市区町村で人員体制や設備基準が定められている
グループホームは地域密着型サービスであることから、市区町村から事業者の指定を受けなければ開設することができず、基準の人員や設備が定められているので、安心して利用することができます。
プライバシーが保てる
基本的にグループホームの居室は個室なので、認知症をもつ方にとって重要な“愛着のあるもの”に囲まれて安心できるプライベート空間を確保できます。
デメリット
規模が小さい
小規模とすることで、認知症症状の進行を遅らせるなどの目的にむけた施設である事はメリットである半面、デメリットにもなります。例えば入居者同士の相性が悪くても少人数のため調整が難しかったり、規模が小さいためスタッフも少なく、個別対応が難しいといったケースもありあます。
生活の自由度
有料老人ホームは身体状況にもよりますが、比較的自由度の高い生活を送ることができますが、グループホームの入居者は認知症の方なので、歩行がしっかりしていても道に迷う恐れがあることから、基本的に1人での外出はできなくなっています。
退去が必要となる場合がある
介護認定を受けながらも、ある程度の自立した日常生活を送れることが必要なため、医療・看護師の配置が義務付けられておらず、多くの施設では医療ケアへの対応力に限界があります。そのため、認知症の進行や健康状態の悪化により長期間の入院が必要・医療行為が必要・重度ケアが必要、などの状況になってくると、退居しなくてはならない場合があります。

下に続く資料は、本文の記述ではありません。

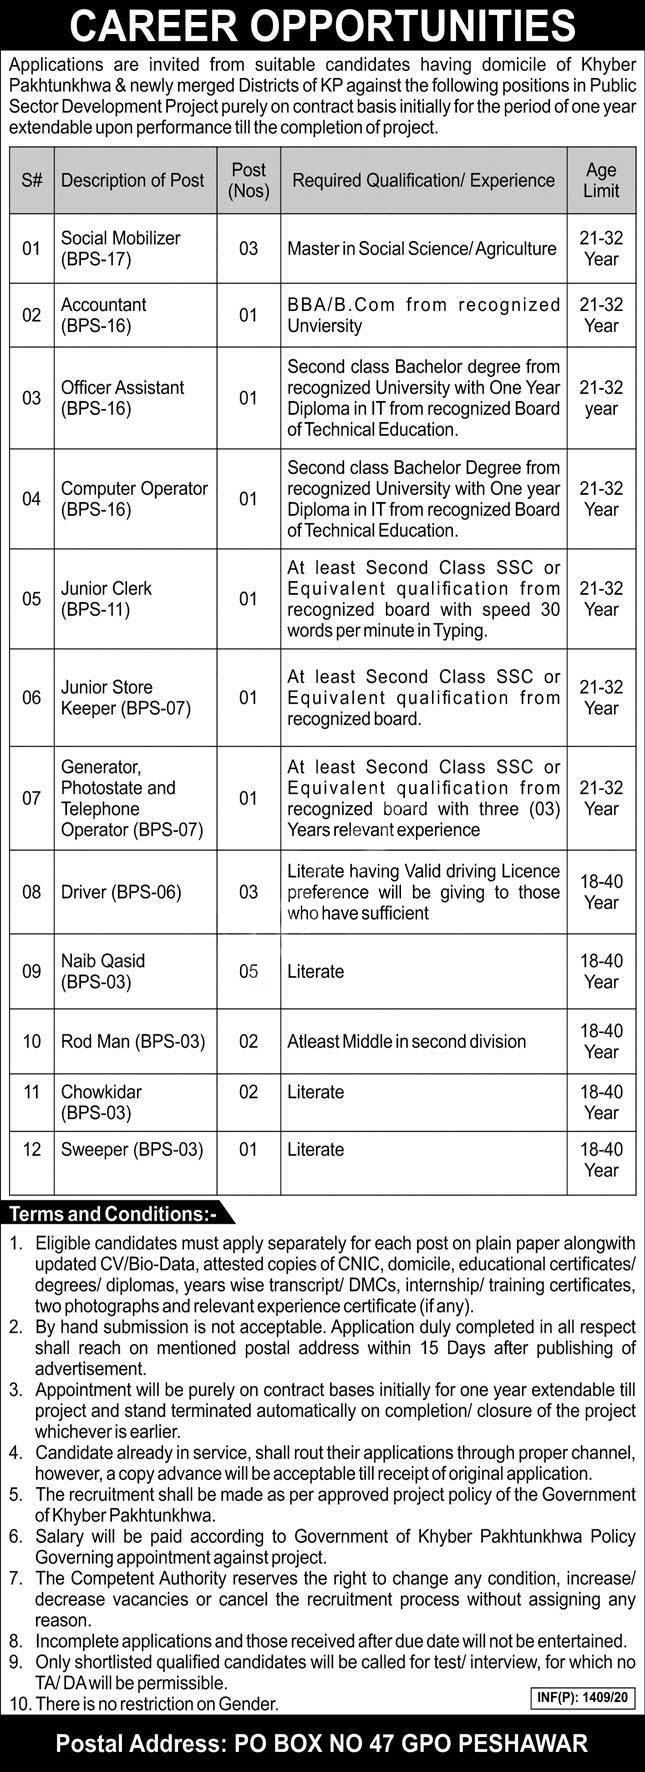 Po Box No.47 Gpo Peshawar Public Sector Organization Jobs 2020 Latest

ただし、近年では、グループホームの入居者も高齢化が進んでいます。高齢化に伴い、グループホームでも「医療体制」や「看取りサービス」の需要が高まってきています。特に「看取り」については対応が可能となる施設が増えてきています。
入居難易度が高めである
グループホームは小規模のため満室の施設が多く、すぐに入居出来ず、待機期間も長い場合があります。また施設と同じ地域に住民票がないと入居できません。
入居条件や費用などの疑問を解説
入居条件
医師から「認知症」の診断を受けていること
要支援2または要介護1以上の認定を受けている65歳以上で、医師による認知症の診断証明書が必要となります。
入居希望施設の地域に住民票があること
グループホームは、住み慣れた地域で生活することを目的とした「地域密着型サービス」の施設なので、施設と同じ地域に住民票があることが原則となります。
費用の相場
グループホームは介護保険制度上の施設ですが、具体的な規定はなく施設によって金額の差が大きいです。入居で必要な費用は、入居時にかかる「初期費用」と、入居後に毎月かかる「月額費」の大きく分けて2つです。さらに「月額費」は「日常生活費・介護保険サービス・サービス加算」の3つに分けられます。施設により異なりますが、おおよその相場は初期費用が10~20万程度(全くかからないところから100万円程のところもあります)、月額費用は15~30万円程度です。
生活保護でも入居が可能な施設もある
生活保護を受けている方でも入居は可能です。ただし「生活保護法による指定を受けているグループホーム」であることが条件となります。更に、指定を受けている施設でも一部の居室だけ対応している施設と施設全体が対応している場合があるため、入居難易度はかなり高めにはなるかもしれません。在宅サービスを利用している方はケアマネジャーに、それ以外の方は生活保護受給担当のケースワーカーに、グループホームへの入居を希望していることを相談してみましょう。
グループホームの選び方
施設選びのポイント
グループホームは施設によりサービス面、費用面でもかなり差がある事が解りました。グループホームを選ぶ際は、以下の点について施設間の比較検討を行い、希望や予算に合う施設を選択しましょう。以下ポイントの一例です。
入居費用
グループホームの費用相場はかなり幅が広いので、無理のない資金計画のもと、長期にわたって継続して入居できる施設を選びましょう。
介護体制
グループホームは小規模施設なので、他の老人ホームや介護施設に比べ、スタッフ数が少ない傾向があります。認知症が進行している方はより細やかなフォローが必要になりますが、スタッフが十分にそろっていなければそうもいきません。スタッフの数に問題がないか確かめましょう。
医療体制
持病を持っている場合、必要な医療サービスを将来的にわたって受け続けることができる施設を選ぶ必要があります。
私物の持ち込みについて
認知症をもつ方は、記憶や周囲とのつながりが途切れ途切れになるため、記憶に残りやすい「昔からよく知っている人や物」に安心を感じます。より安心した環境づくりのためにも、これまで大切にしてきた私物などを持ち込むことがどの程度可能かどうか確認しておきましょう。
入居者と介護スタッフの表情や雰囲気
当然のことながら、入居者の表情が穏やかであれば、認知症の状態が安定し、日々落ち着いて生活できているといえます。不快な表情であっても、たくさん表情を交わしあっているかどうか、は環境への信頼感があるサインとも言えます。また、それに対しての介護スタッフの表情もごまかしがなく対応しているかなども、見学や体験を利用し確認してみましょう。
見学や体験入居をしてみよう
資料やホームページだけでは実際の施設の雰囲気や生活の様子を確認することはできないので、是非見学や体験入居をしてみましょう。複数を見学すると、それぞれの特徴も明確になり、入居する方にあった施設を選ぶことができます。入居したら、どんな生活を送ることになるのか、入居後に後悔しないためにも出来れば実際に体験入居してみることをおすすめします。
体験入居方法
体験入居は施設に直接申込をします。空室がなければ利用ができないので、事前に確認が必要です。なお、体験入居は、施設に直接保険適用にならないため、費用や利用日数なども施設により異なります。利用期間は、長いほうがその施設にあうか判断がしやすくなりますので出来れば数日利用してみると良いでしょう。
まとめ
グループホームは、入居者本人は勿論、認知症をもつ家族を介護する方にとって心強い味方であり、認知症の高齢者が入居を検討する施設としては、最初に名前が上がります。グループホームの数は増加傾向にありますが、少人数制のため気に入った施設が見つかっても、すぐに入居できるとは限りません。入居まで時間をかけたくなければ、どこか1つの施設にこだわるのではなく、なるべく多くの施設をピックアップしておき、その中から選択するという心構えも必要です。